In the latest salvo in a long-running legal dispute stemming from a classic raid by a competitor upon a commercial insurance broker’s business and employees, a New York appellate court has refused to dismiss a New York lawsuit in favor of a prior-filed California lawsuit which has already addressed many of the same issues.

One year ago, we blogged about a preliminary injunction issued by the Supreme Court, New York County, in a lawsuit then pitting Aon Risk Services Northeast and Aon Corporation (collectively, “Aon”) v. Michael Cusack and Alliant Insurance Services, Inc. (“Alliant”).

The case arose from a raid upon Aon’s business by Mr. Cusack, a senior executive and Managing Director at Aon, who resigned on June 13, 2011 with several other senior executives (as part of a group of 38 total employees) to join Alliant. In the ensuing few months, 60 employees in total resigned from Aon to join Alliant, and Aon received more than 100 broker of record letters from clients transferring more than $20 million in revenue from Aon to Alliant.

When we last checked in on the lawsuit, the New York court had preliminarily enjoined Mr. Cusack, Alliant, and other former Aon employees who were subject to restrictive covenants from, during the pendency of the litigation, (1) soliciting business or entering into any business relationship with any Aon client on whose account they worked, or (2) soliciting any Aon Construction Services Group employees to work for Alliant.
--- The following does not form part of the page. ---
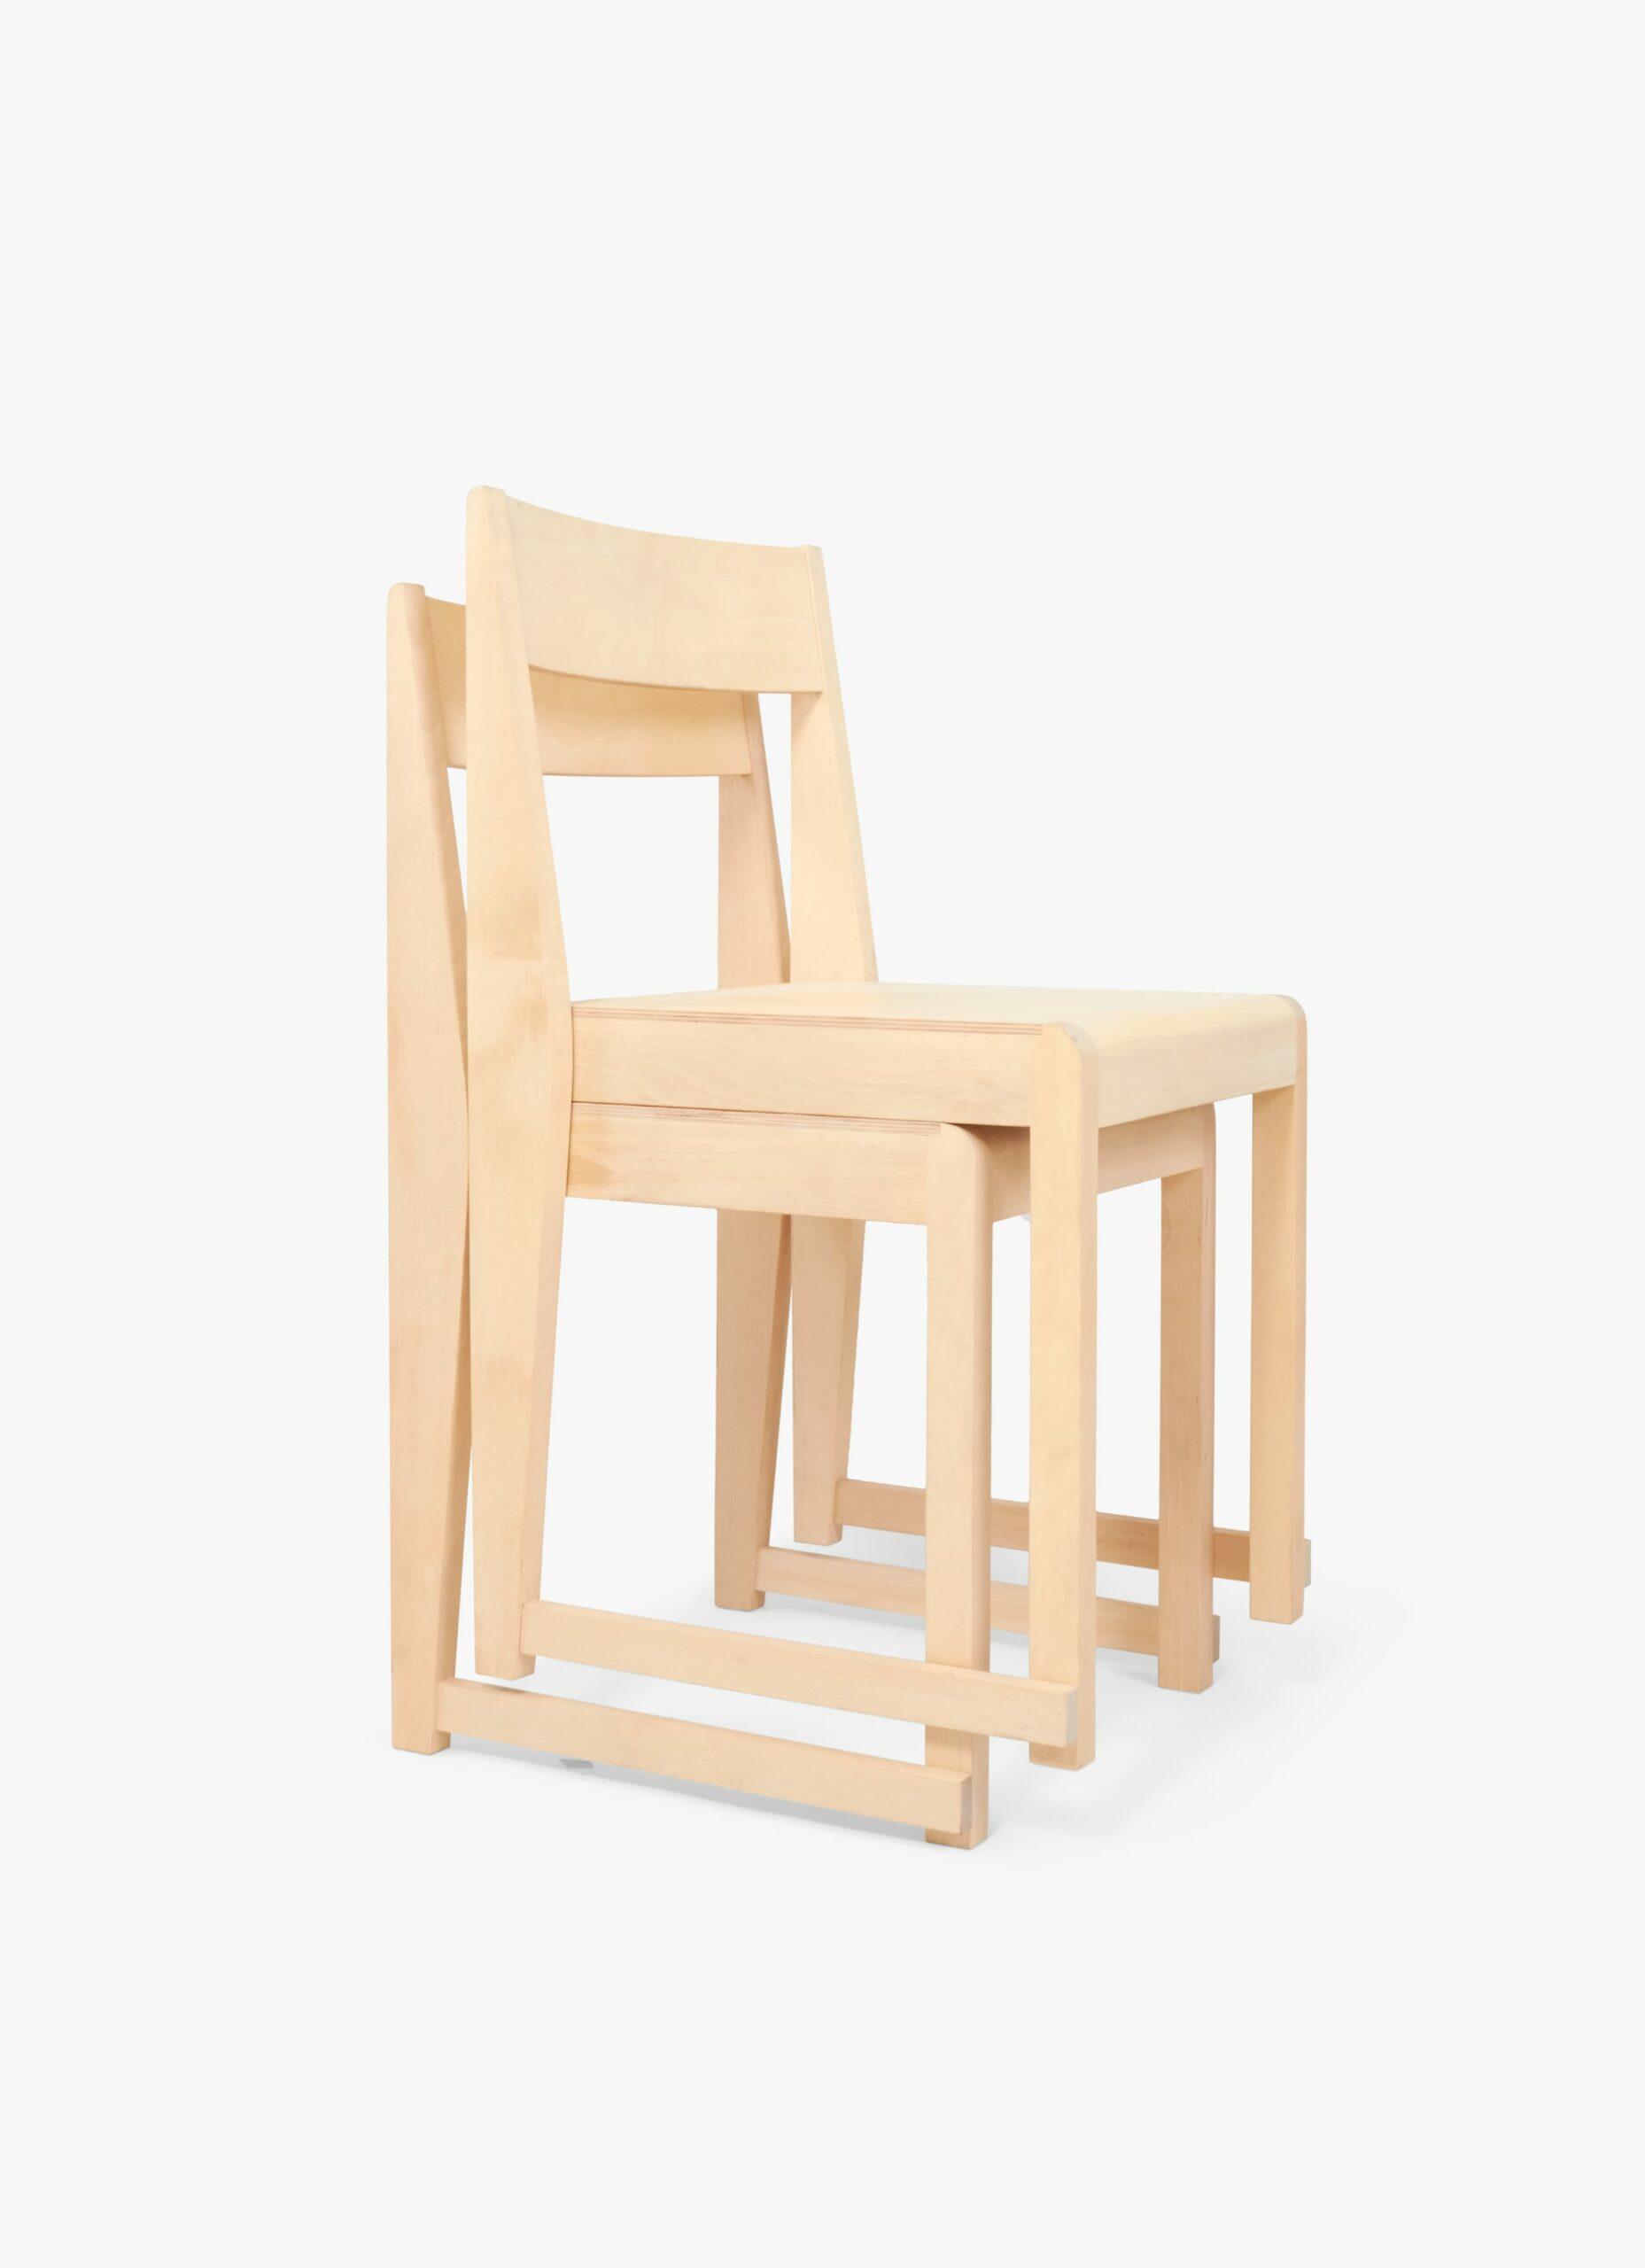 Frama - Chair 01 - Natural Wood Seat

Much has happened since that December 21, 2011 injunction, and not only in the New York action.

On June 13, 2011, the day of first resignations, three Aon employees (including Aon Construction Services Group CEO Peter Arkley, a long-time California resident) and Alliant filed suit against Aon in California state court seeking a declaratory judgment that their restrictive covenants were unenforceable pursuant to California’s pro-employee Business and Professions Code §16600. After amendments to their complaint, the case was removed to the United States Central District of California, which on June 13, 2012 granted summary judgment to those plaintiffs, holding the covenants to be unenforceable under California law and public policy.
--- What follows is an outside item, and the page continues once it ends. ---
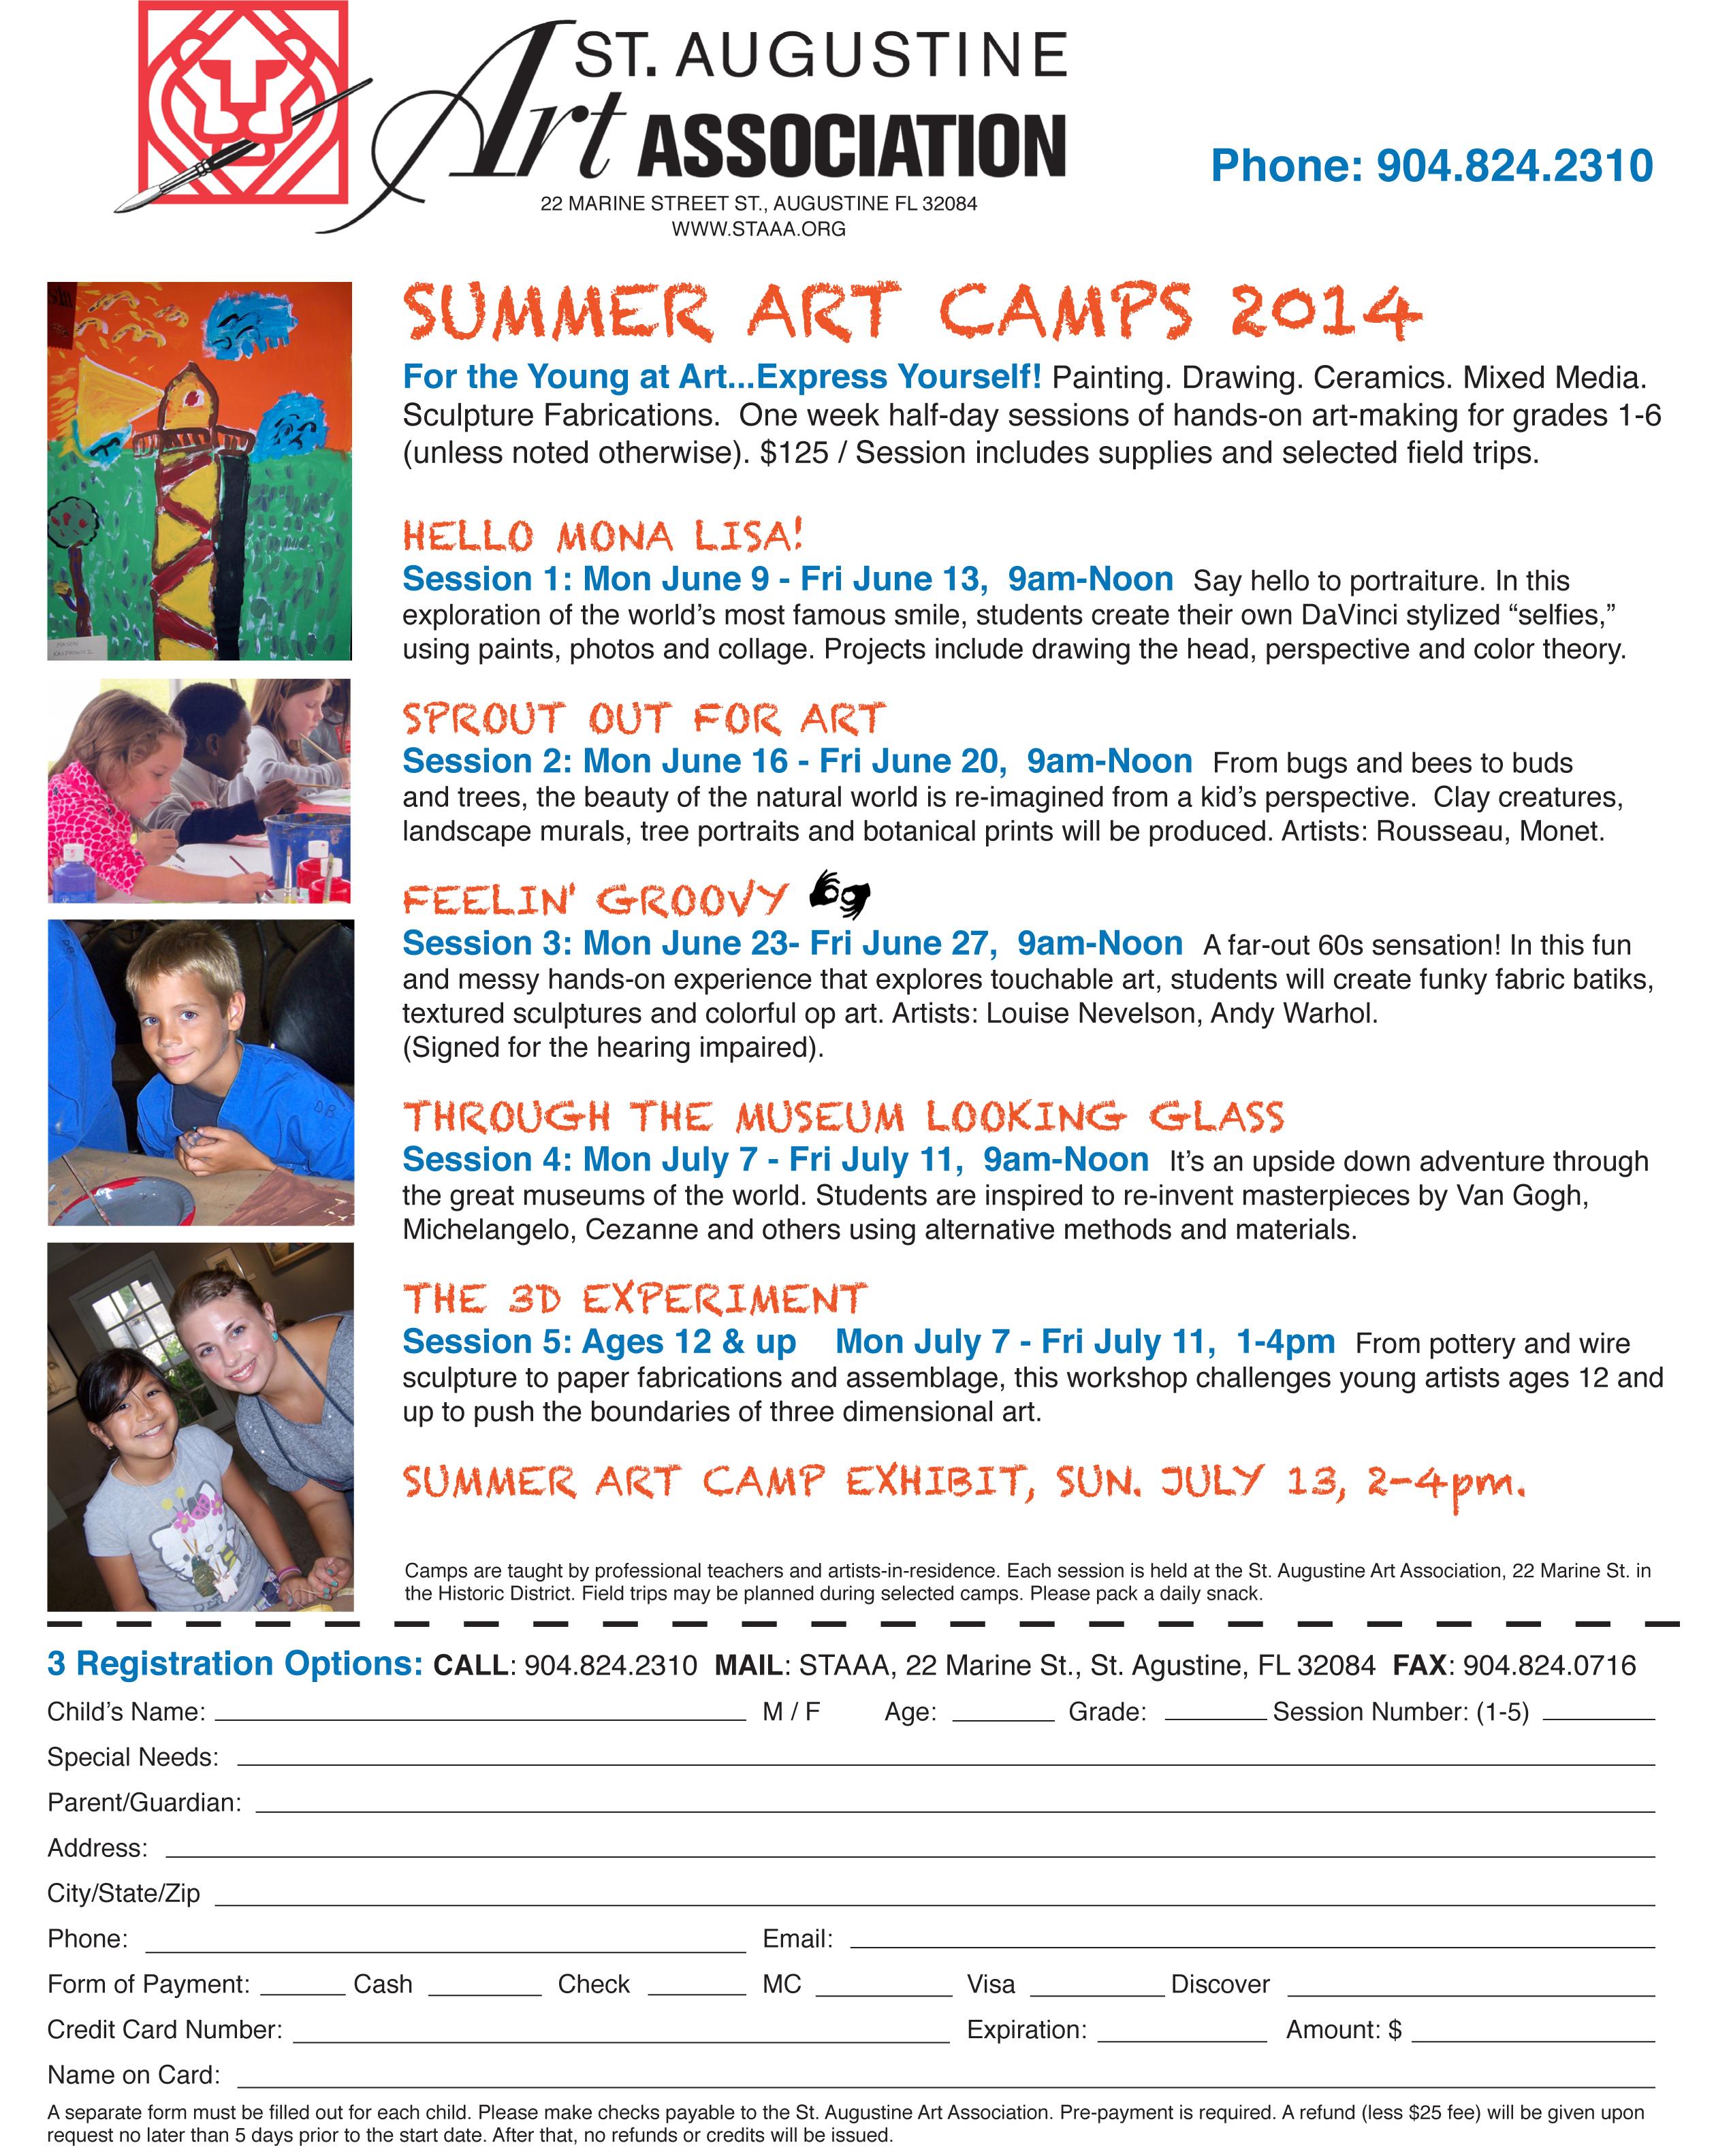 1 art camp

A lawsuit was also filed in Illinois. Aon sued Mr. Arkley and Alliant in Illinois Chancery Court and sought a TRO pending a preliminary injunction hearing. On June 17, 2011, the Illinois Chancery Court granted Aon’s application, and issued a TRO prohibiting Alliant, Arkley, and all other former Aon CSG employees, including Cusack, from soliciting Aon’s clients and employees, pending a preliminary injunction hearing. Subsequently, Alliant moved to dismiss the Illinois action on the ground of forum non conveniens, arguing that California was a more convenient forum than Illinois for Aon to litigate its claims against Arkley. The Illinois court granted the forum non conveniens motion.

In April 2012, Peter Arkley was added as a defendant to the New York action. The Supreme Court, New York County denied his motion to dismiss on July 2, 2012, and entered a preliminary injunction against him on September 21, 2012, along the same lines as the preliminary injunction it previously entered against Mr. Cusack in December 2011. Mr. Arkley appealed both of those orders.
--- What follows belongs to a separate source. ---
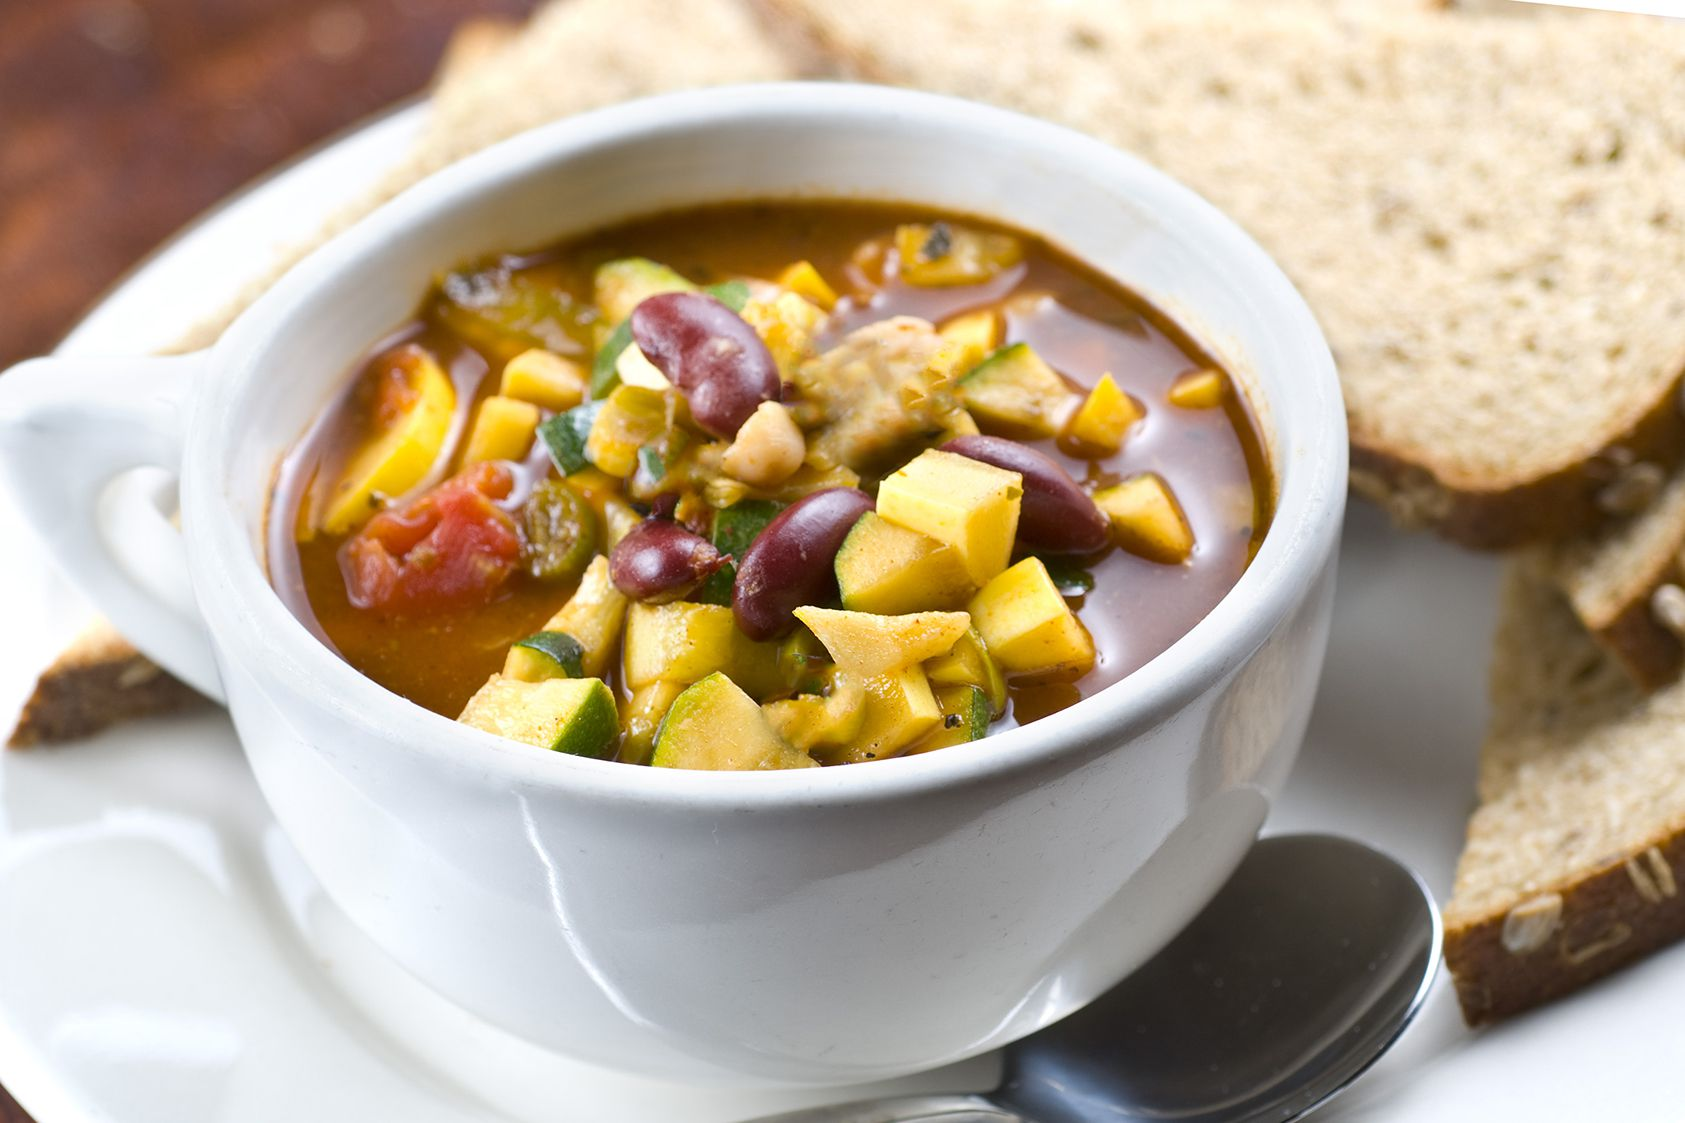 Vegetarian Vegetable Chili Recipe With Zucchini

In its January 10, 2013 order, New York’s Appellate Division, First Department, affirmed the two orders. The Appellate Division noted that the California action was commenced only a few days before the New York action, and on the very same day that the mass exodus of Aon employees began. It was evident to the New York court that, given California’s hostility to restrictive covenants, the California action was merely “a preemptive measure undertaken to gain a tactical advantage so as to negate the force and effect of the restrictive covenants, which the parties had freely agreed upon.” The New York court also noted that in their agreements, the parties had selected Illinois law, not California law, to govern.

Finally and interestingly, in rejecting Mr. Arkley’s forum non conveniens arguments, the Appellate Division stated that he was available to the New York forum not only because he had conducted business in New York in the past but also because he had participated in the New York litigation as a non-party by submitting affidavits in opposition to Aon’s application for a preliminary injunction against Mr. Cusack.